Trading Sovereignty For Credibility: The Power Of MNCs
The first bilateral investment treaty (BIT) was signed in 1959 between Germany and Pakistan. 60 years later, more than 3,000 BITs form a governance network for international investment. BITs were initially intended to assure foreign investors that they will benefit from the same standard of governance in a host state as they would in their home state, regardless of the quality of a host state’s legal systems, particularly in cases of expropriation.
BITs usually include binding dispute settlement clauses, which allow foreign investors to bypass domestic legal routes in favour of international arbitration. Developing countries are motivated to sign BITs because they are assumed to make the state a more attractive designation for foreign direct investment, and that this will have beneficial spillovers with regards to development, economic growth and good governance. However, arbitration procedures allow foreign investors to undermine host states good governance efforts by subverting domestic institutions.
Moreover, since the early 2000’s, the regime has become increasingly contentious in the wake of high-profile international investment arbitration cases, which have increased states’ awareness of the potential and unintended ramifications of signing BITs. During this time there was an exponential increase in the number of disputes brought forward by investors against a host state, where the average award sought has been upwards of 500 million USD, although claims have been filed for several billion USD.
The nature of the disputes brought forward has been particularly controversial, with BITs used to induce regulatory chill, or cause an altogether reversal of public policy. BITs can and have been used by investors to challenge, in arbitration, legitimate government policies concerning public health, the environment, safety, security, cultural diversity, and financial services. Indonesia and Costa Rica have been identified as having abandoned environmental measures due to the threat of potential investment arbitration; it is impossible to know how many states have abandoned policy even before an arbitration claim has been filed. Professor Eric Neumayer has argued that in signing BITs, developing states have essentially traded ‘sovereignty for credibility.’
However, it is not only developing countries who are feeling the ramifications of the BITs they have signed. Two of the most publicized disputes were actually filed against Australia and Germany. In Philip Morris v Australia, the tobacco giant tried to force Australia to overturn plain-packaging laws. They were ultimately unsuccessful — the laws were deemed a legitimate public health measure — but the dispute did cause several other countries to await the result before instituting similar laws. In Vattenfall v Germany, the Swedish firm filed a claim for several billion USD after nuclear production was shut down in Germany following the Fukushima Daiichi nuclear disaster in 2011. These cases have forced developed countries to also reconsider their approach to governing foreign investors.
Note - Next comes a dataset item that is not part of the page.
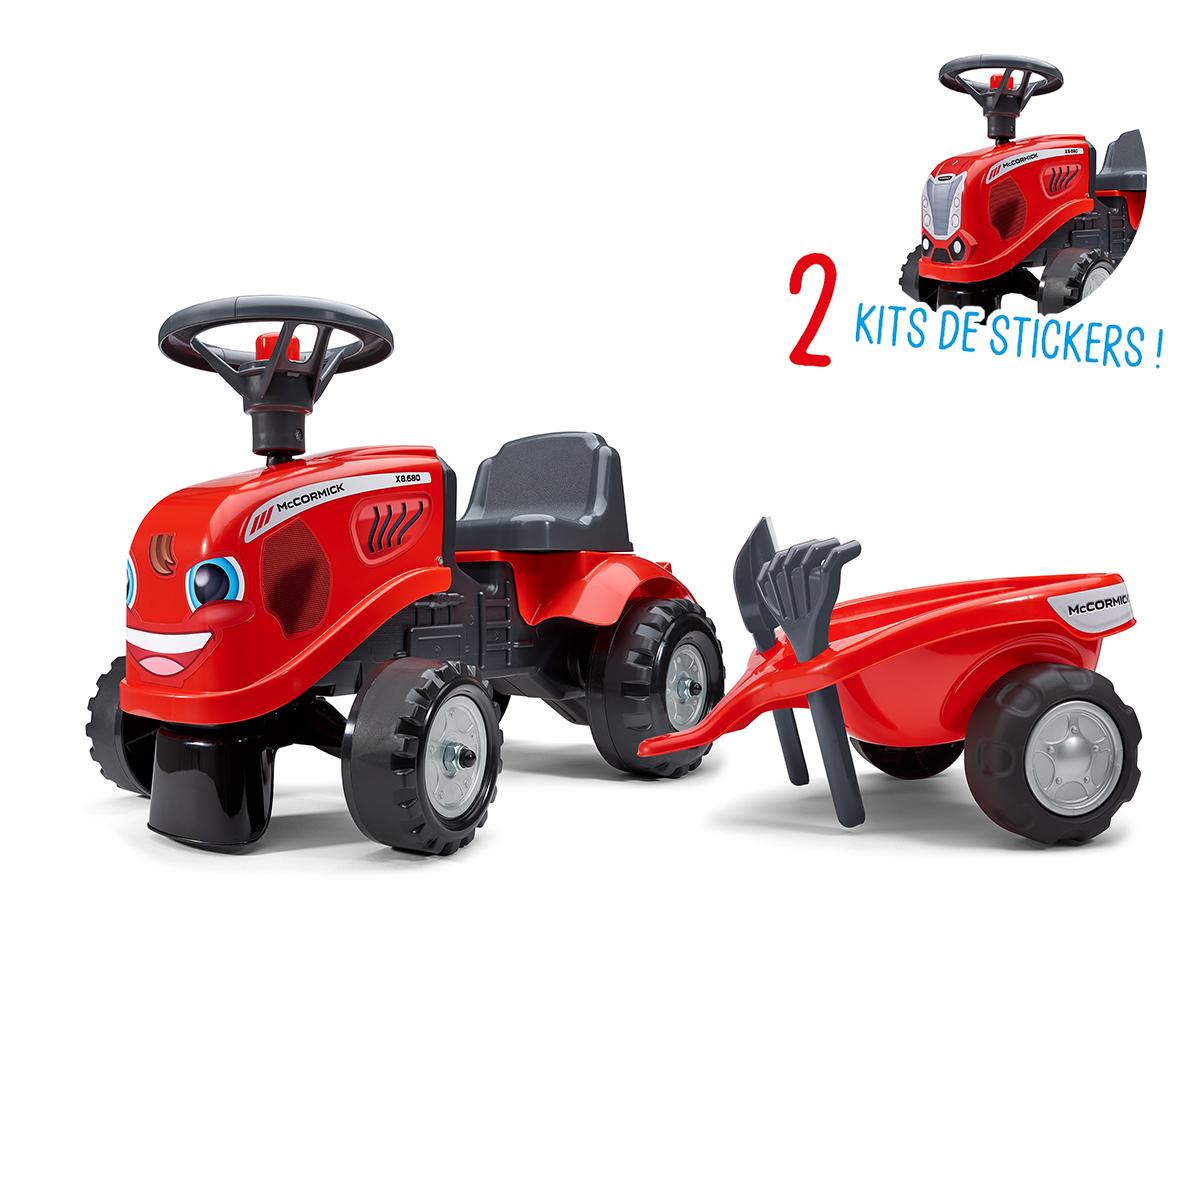 Porteur Falk tracteur Mc Cormick avec remorque - pelle et rateau - Rouge

There are few examples of states that have successfully withdrawn from BITs; South Africa is a powerful one. Fearing arbitration claims in the wake of the establishment of its Black Economic Empowerment initiative, which mandated partial black ownership of all enterprises, the state introduced the Protection of Investment Act (2015), which provides a system of non-discrimination by formally granting the same protections to both foreign and domestic investors.
Due to the provision and threat of international arbitration, BITs consistently undermine the ability of developing states to craft policy and regulate foreign investors. The fundamental necessity of investment treaties, at least for developing states where there are strong institutions (such as domestic courts) that can adjudicate disputes, should be called into question.